Books by Keith Smith, for example, Aldren Watson’s beautiful pencil-drawn instructions, or Manly Bannister’s utilitarian textbook…my copies of these books are dog-eared and dirty from years of use…I go back, again and again, to these masters of the fundamental lessons.

And now I can add Headbands…  to that short list of precious bookbinding books! It’s full of delightfully clear drawings and instructions on how to work 14 different headbands. I really bought it to learn the coptic headband, but fell in love with all the others, and I can’t wait to try each one out!

What is a headband? It is possible to make books without headbands, and yet a headband, if it has been stitched on, is a functional part of the book, providing strength to the binding, pulling the signatures at head and foot together, protecting the edges of the signatures or gatherings when the book is slid in and out of a bookshelf. Faux headbands have been available for a long time…but these are glued on to the spine of a bound book, and are purely ornamental.

The headbands pictured here are examples of the most basic headbanding technique (headband with a bead on the edge), and while I did learn to make them from my new book today, I have had the instructions for the very same headbands in a few of my older books…I just never bothered to read them! Instead, cocky and impatient, I made up my own way of doing headbands, and I thought they were pretty slick, until I learned the proper way. *Um, so, yeah, rock and roll (and rue)…*

Today’s headbands, I happily concede, came out so much prettier, and they are neater, too.

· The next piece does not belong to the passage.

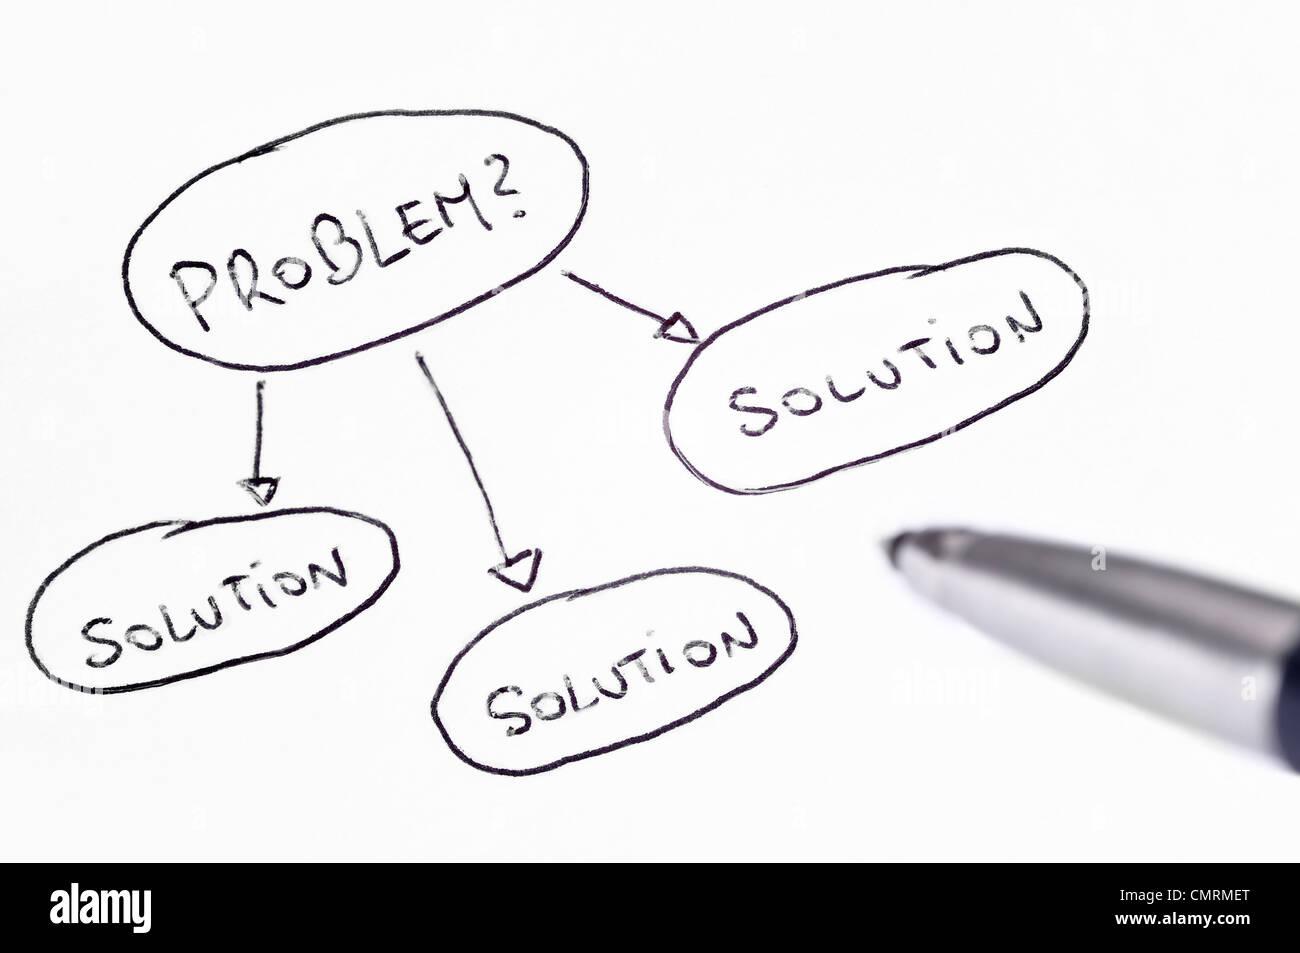 Problema y solución diagrama manuscrita con una pluma en el lado Imagen De Stock

And, suddenly, I want to put a headband on everything in sight…I can’t get enough of stitching them, and I have run out of bound text blocks to put them on!

Last night I had visions of stitching a headband that continued onto the covers of a book, and went all the way around, becoming a sort of ‘piped edging’. And that got me thinking about edging quilts this way. Help! I think I’m possessed.

I loved using the variegated threads to make these, and unusual color combinations. I have used a bit of silk thread, but mostly I used whatever I felt like using…some Klippans Lingarn linen threads, some DMC Perle No. 5, some crochet yarns. I love traditional techniques, yes, but I don’t believe in slavishly recreating things from the 15th century: I’m not interested in making replicas—that’s not very inventive or creative, and I like to experiment with things, and to use what I have on hand, and I don’t like being told that in order to make something I have to first buy “a traditional such-and-such from some Snooty & Sons, est. 1708, purveyor to H.M.”!